Instructions to follow:
The expected output is the data below, character for character, without its pictures.

Source material:
########################################

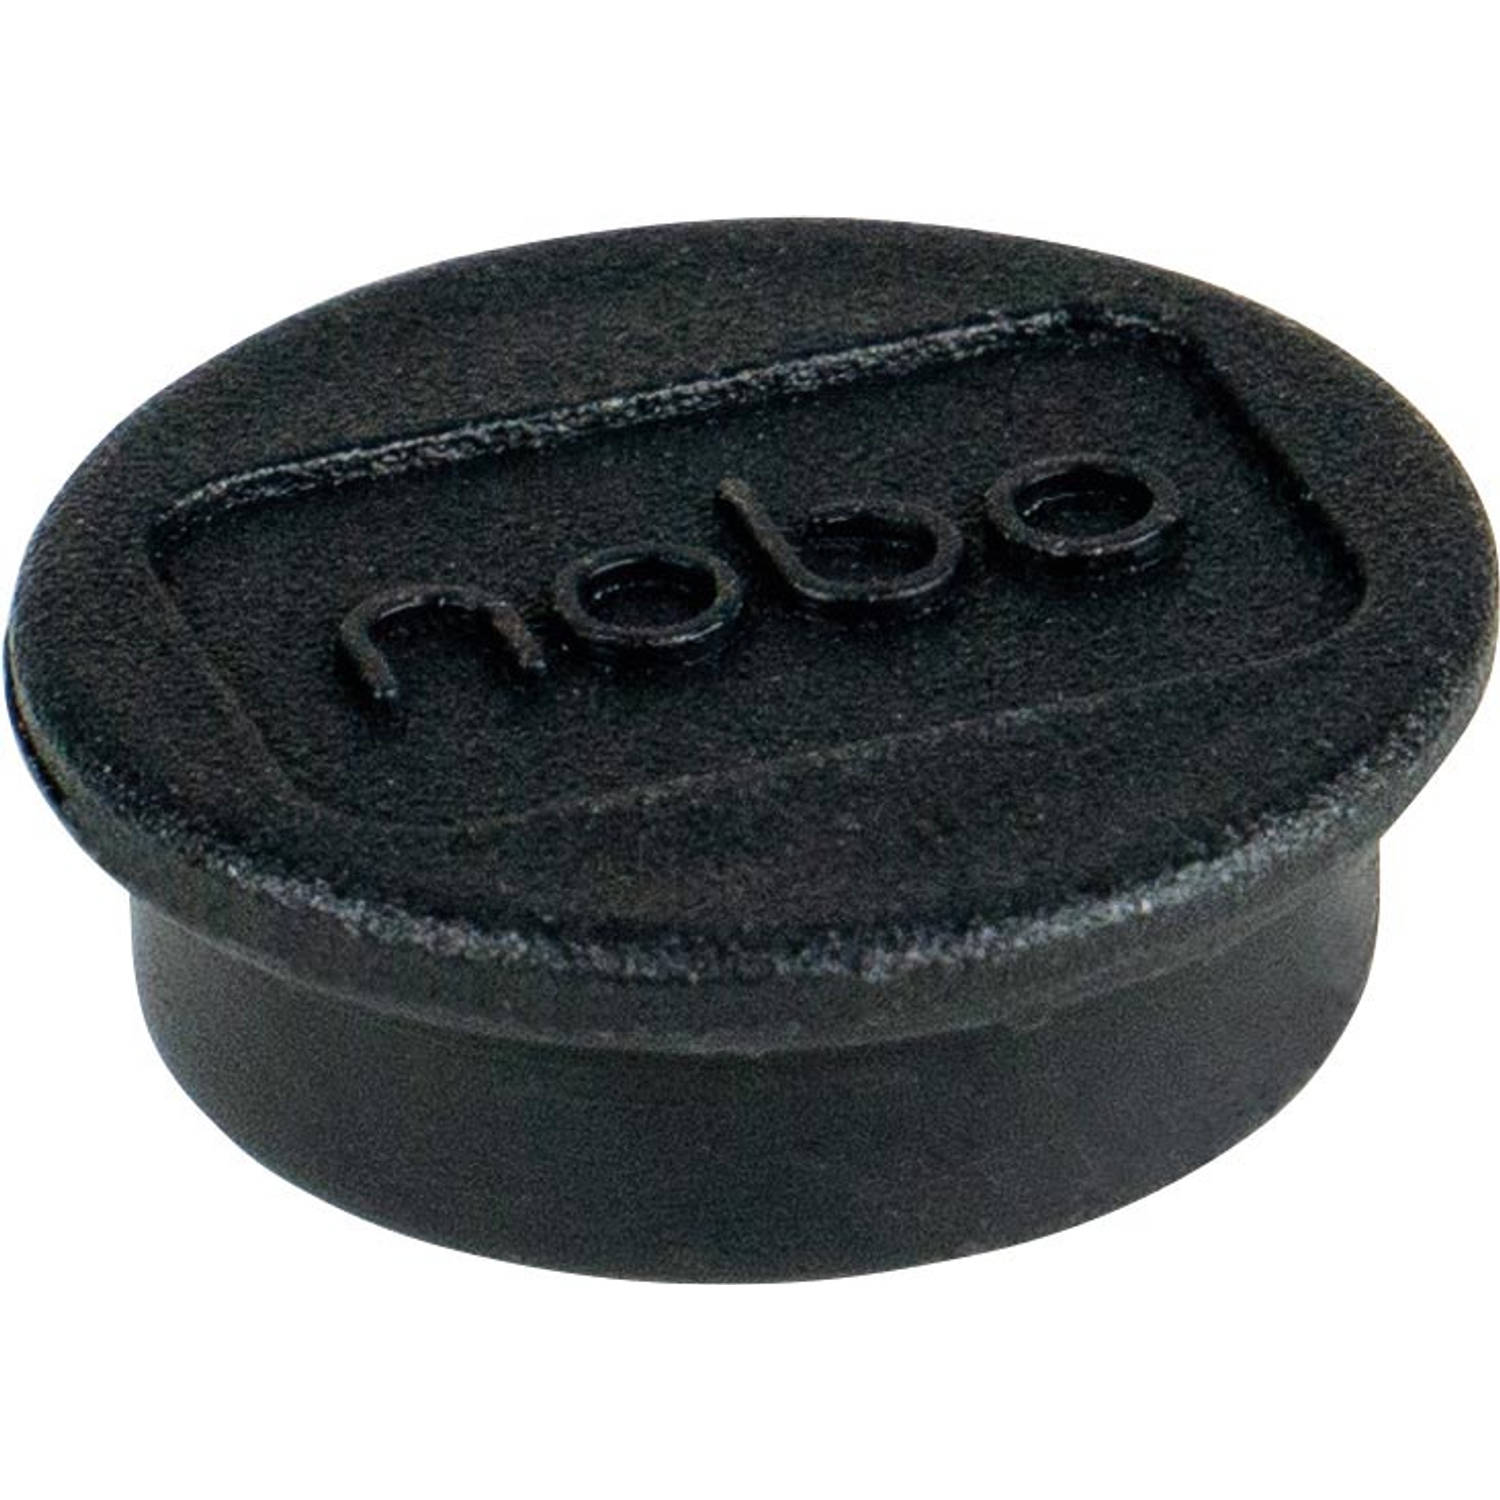 Nobo magneten voor whiteboard diameter van 13 mm, pak van 10 stuks, zwart
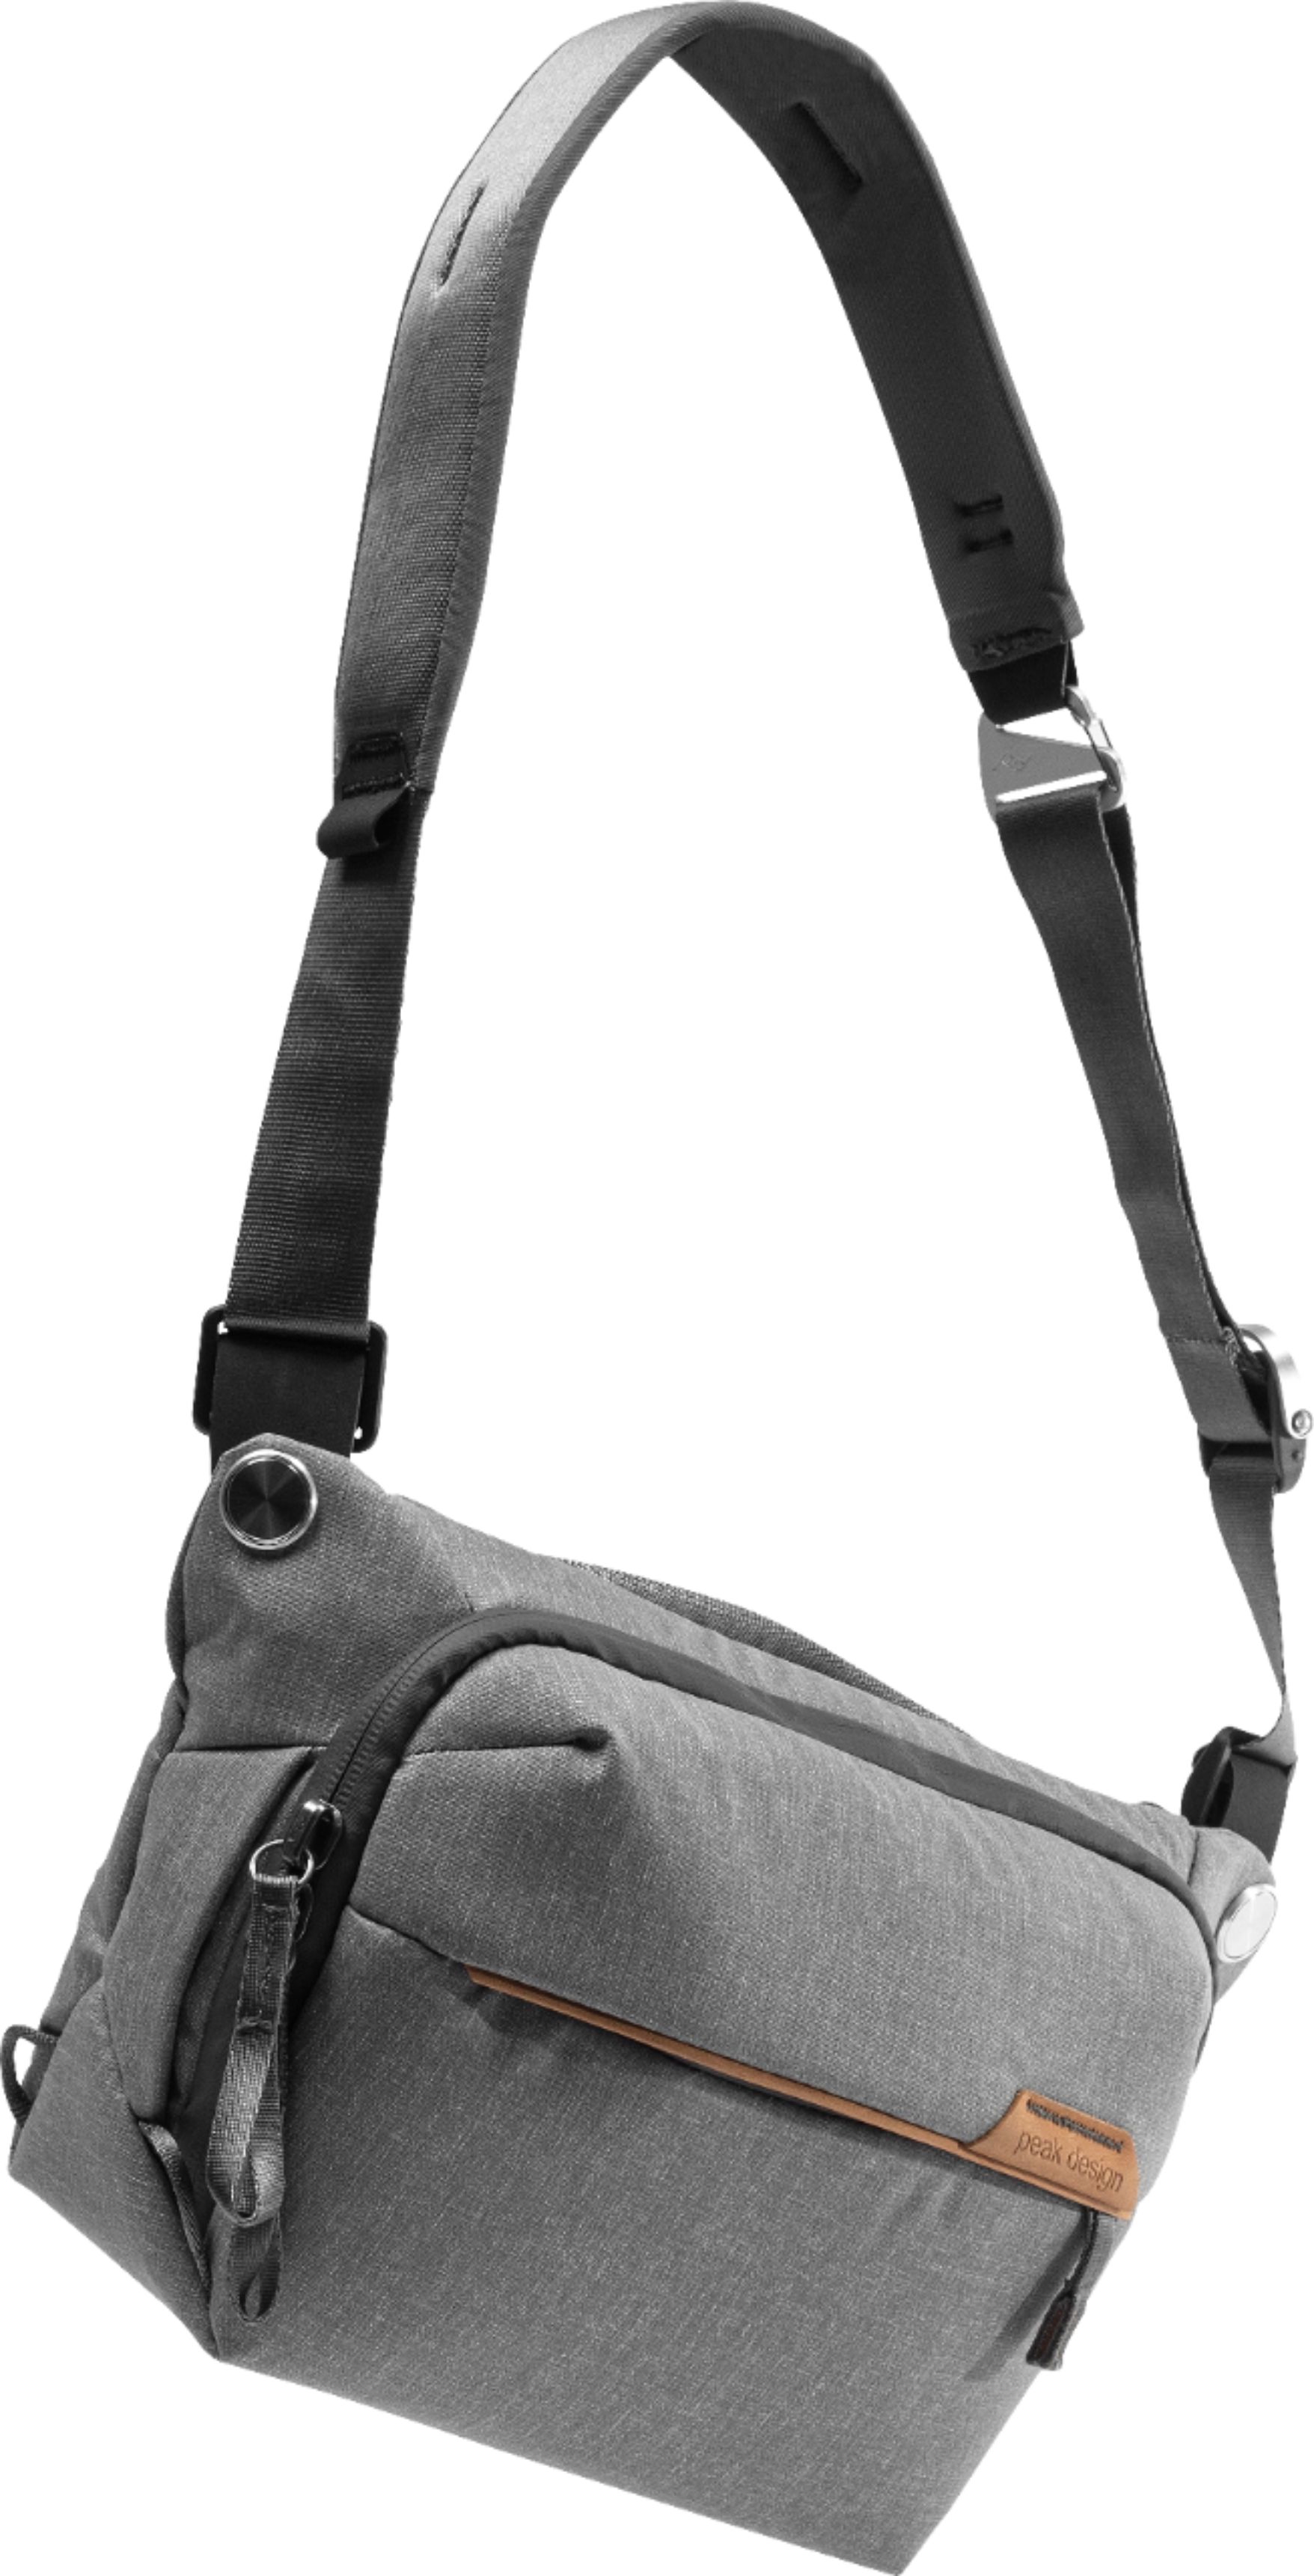 Left View: Peak Design - Everyday Backpack V2 30L - Black
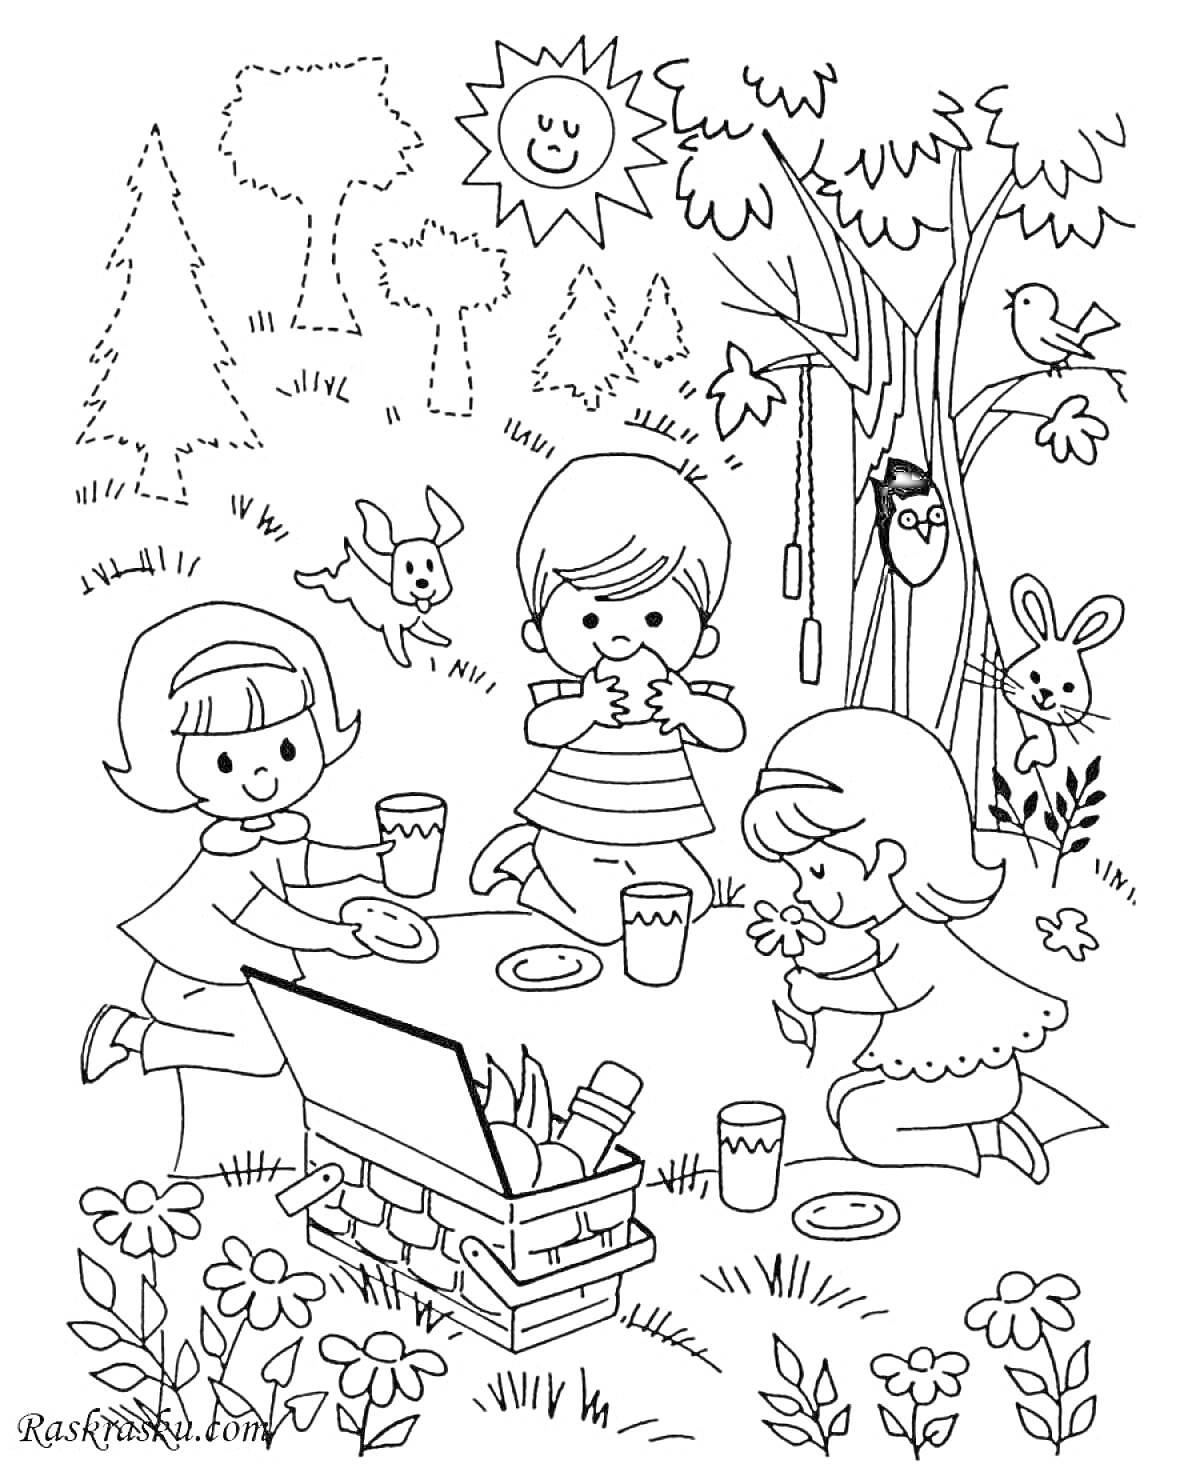 Раскраска Пикник детей в лесу с корзиной, солнцем, деревьями, цветами и животными

########################################

Exercise result:
 Nobo magneten voor whiteboard diameter van 13 mm, pak van 10 stuks, zwart
 Left View: Peak Design - Everyday Backpack V2 30L - Black
 Раскраска Пикник детей в лесу с корзиной, солнцем, деревьями, цветами и животными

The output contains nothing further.